Given information:
=====

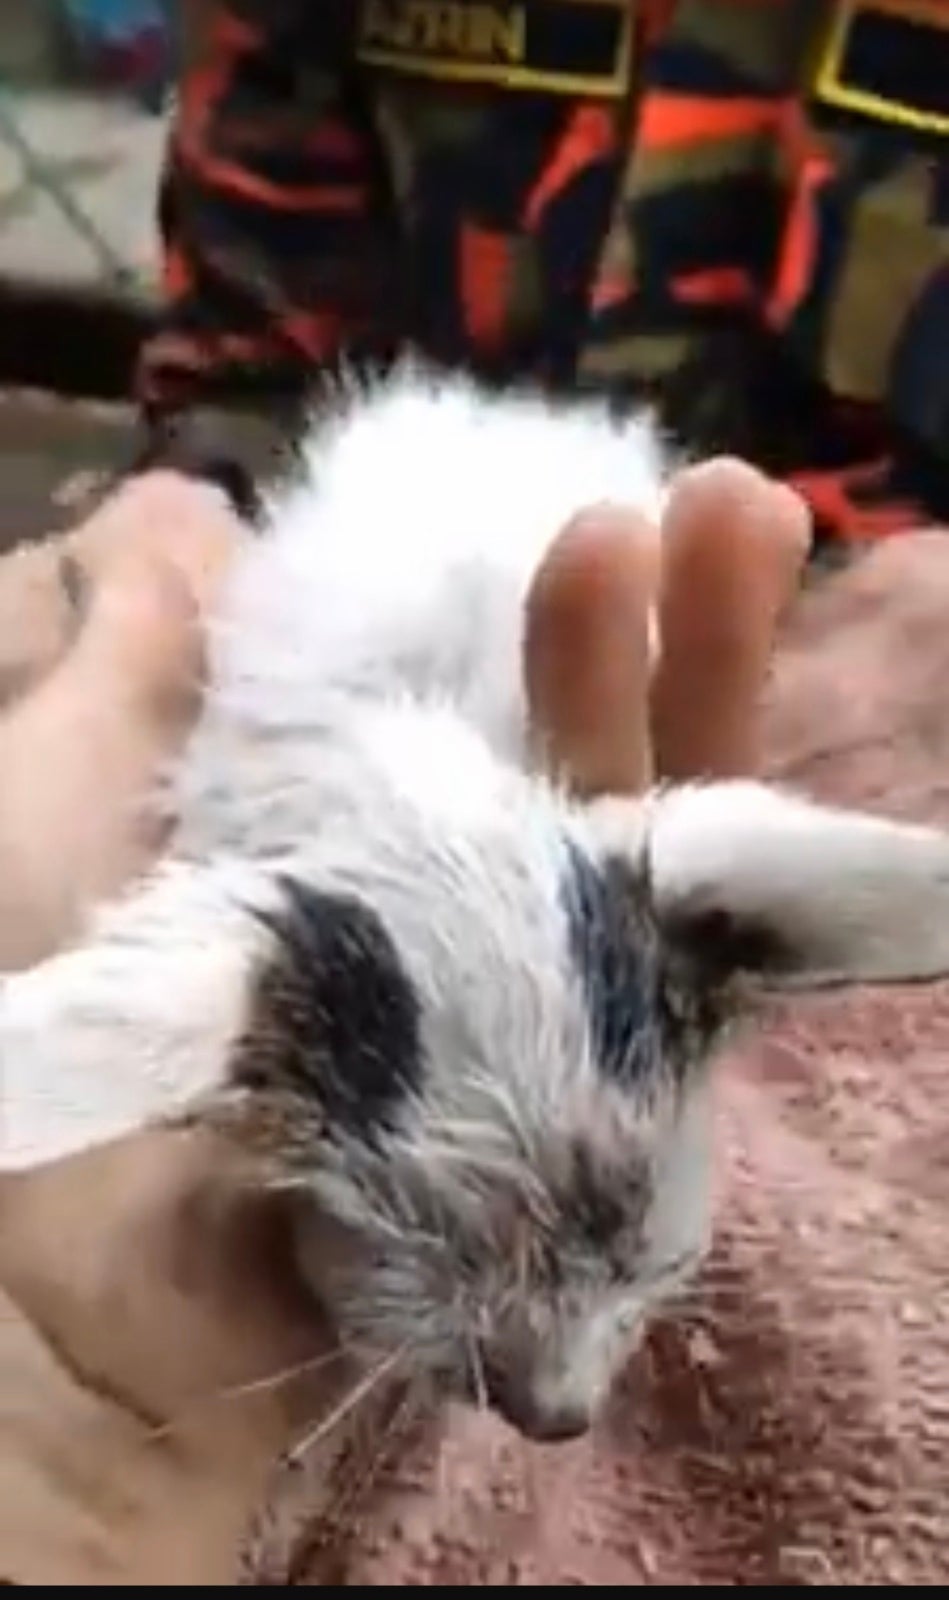 Kedah Firefighter Goes Viral After Resurrecting Drowning Kitten Back To Life in Disastrous Lekima Thunderstorm - WORLD OF BUZZ
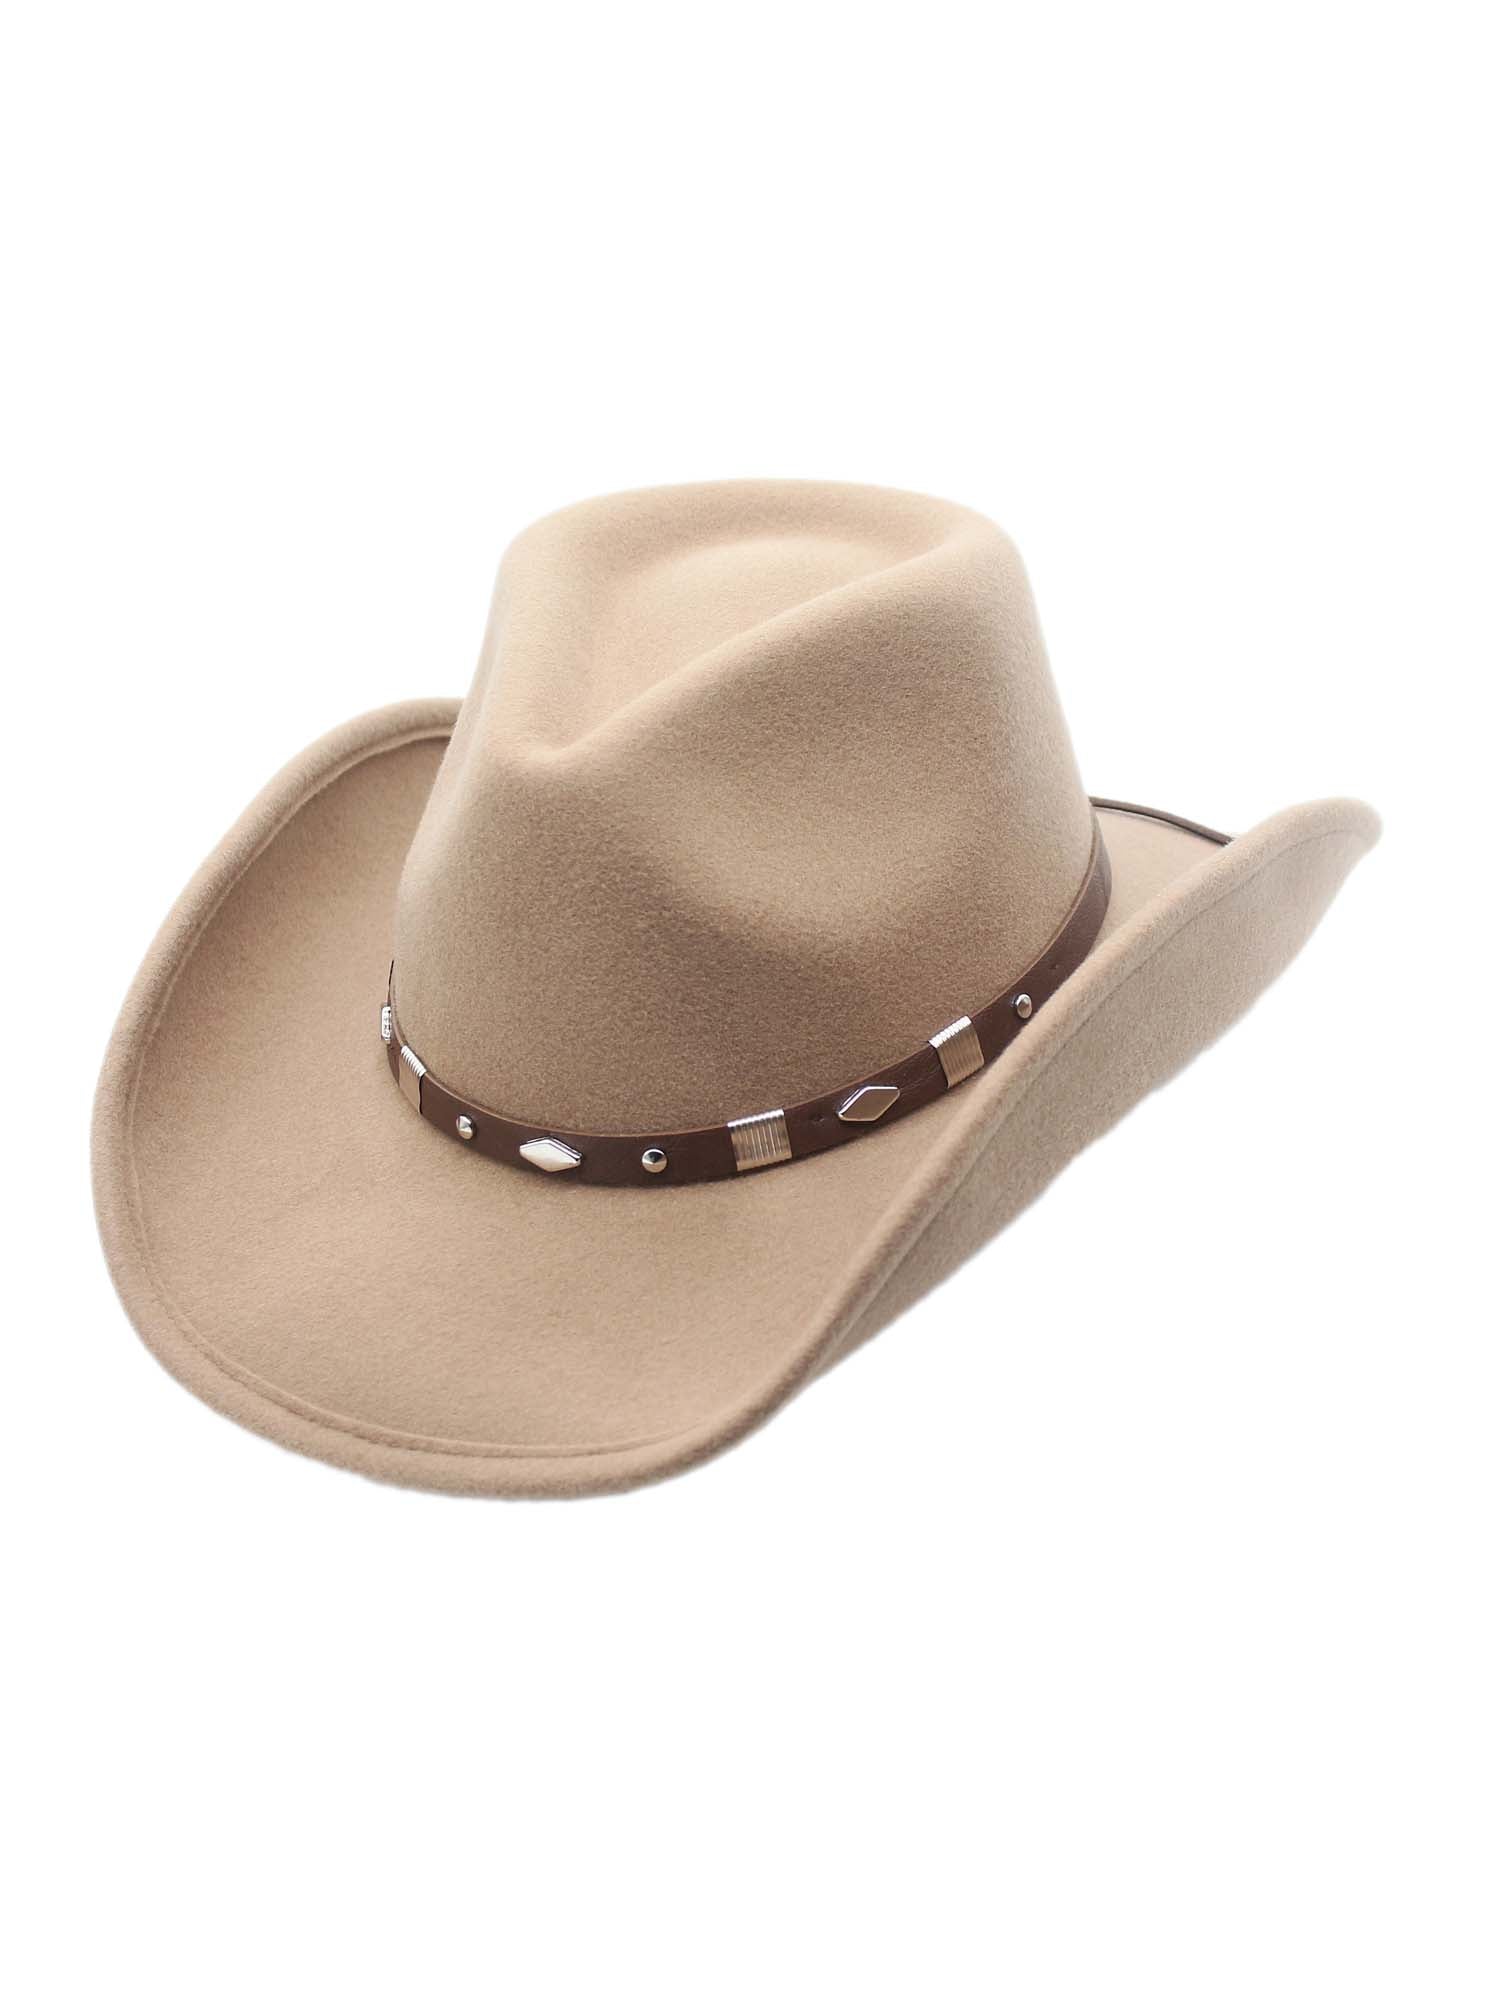 Silver Canyon Boot and Clothing Company Weathered Outback Outdoor XL Brown Hat 
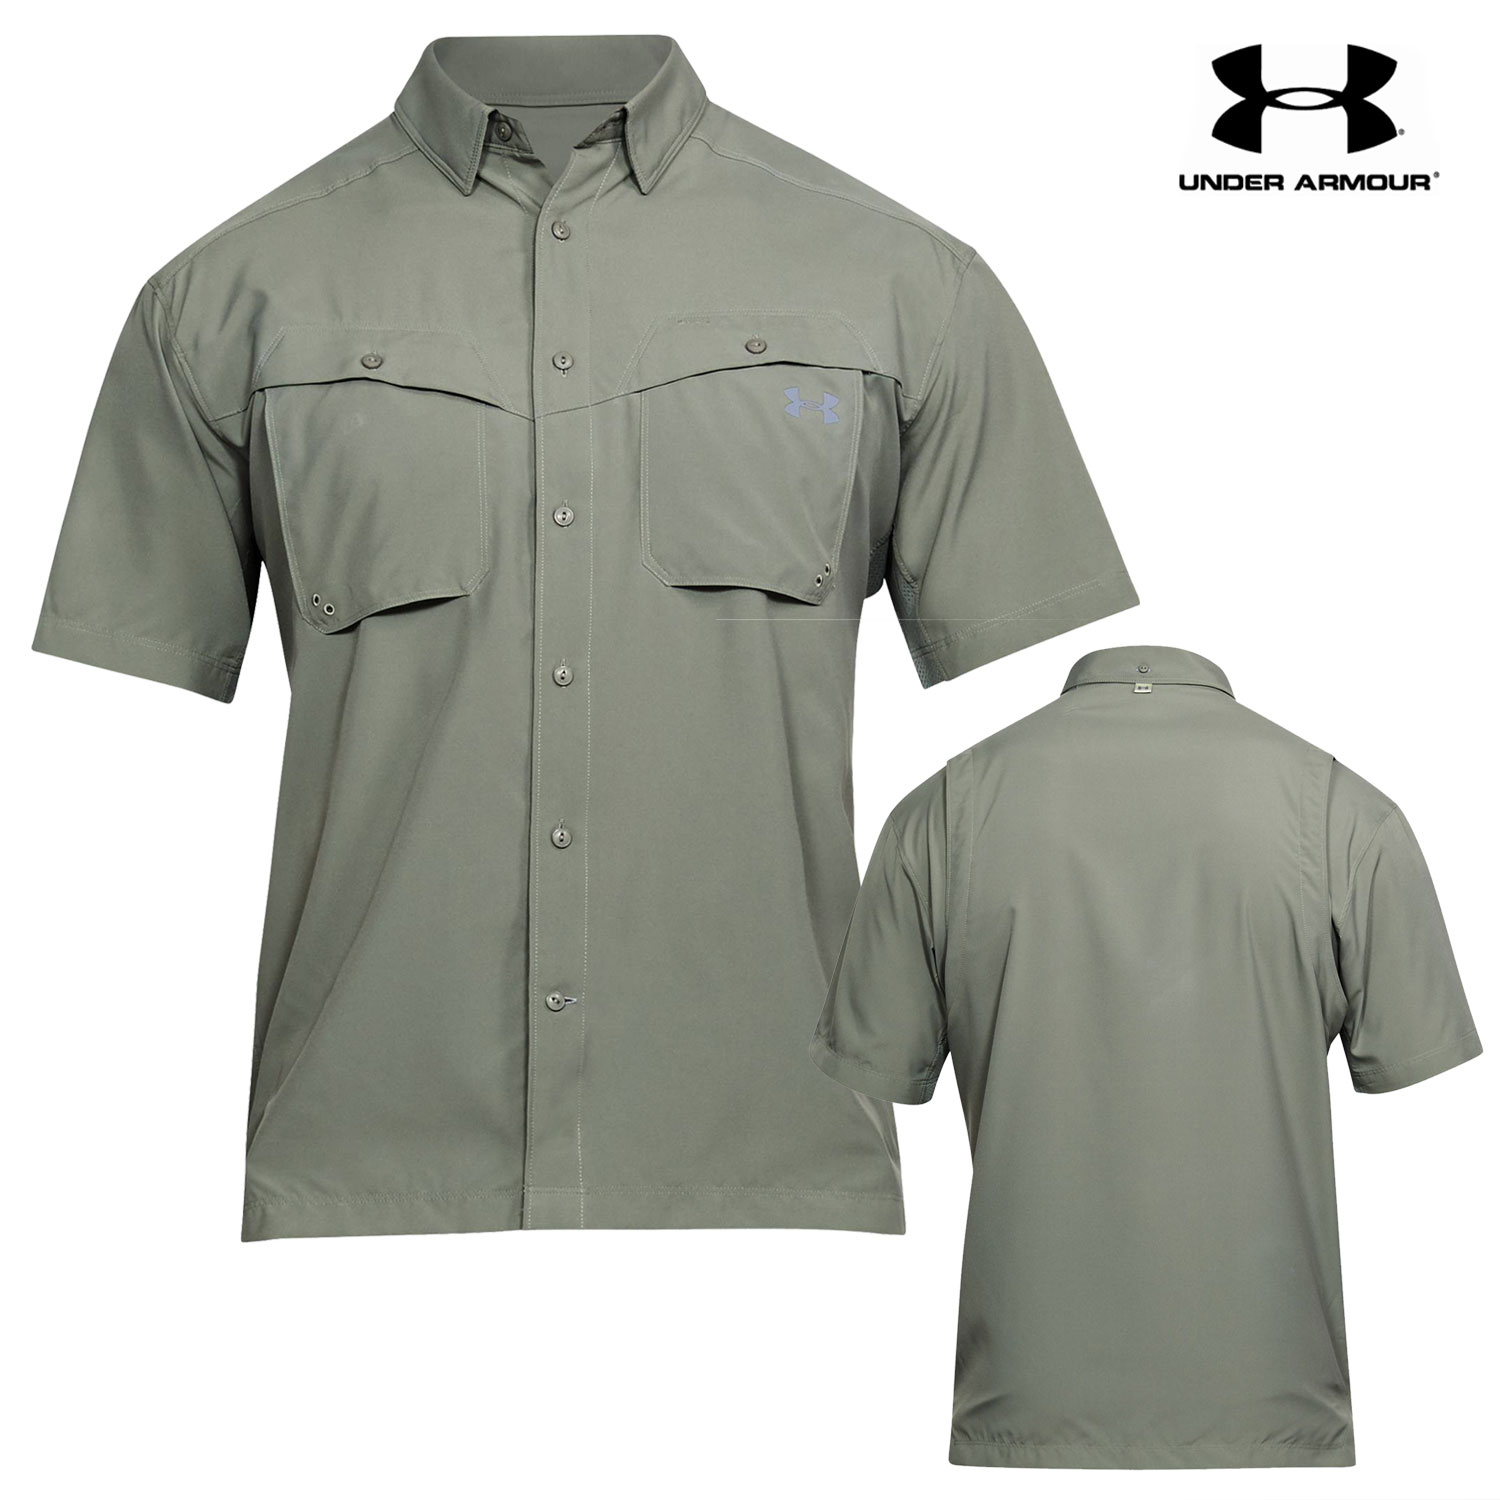 Under Armour Tide Chaser Short-Sleeve Fishing Shirt (S)

=====

Problem to solve: Write out exactly the lines running from the one with "Silver Canyon Boot" through the end of the material, both ends included, while leaving the pictures out.

Completed task:
 Silver Canyon Boot and Clothing Company Weathered Outback Outdoor XL Brown Hat 
 Under Armour Tide Chaser Short-Sleeve Fishing Shirt (S)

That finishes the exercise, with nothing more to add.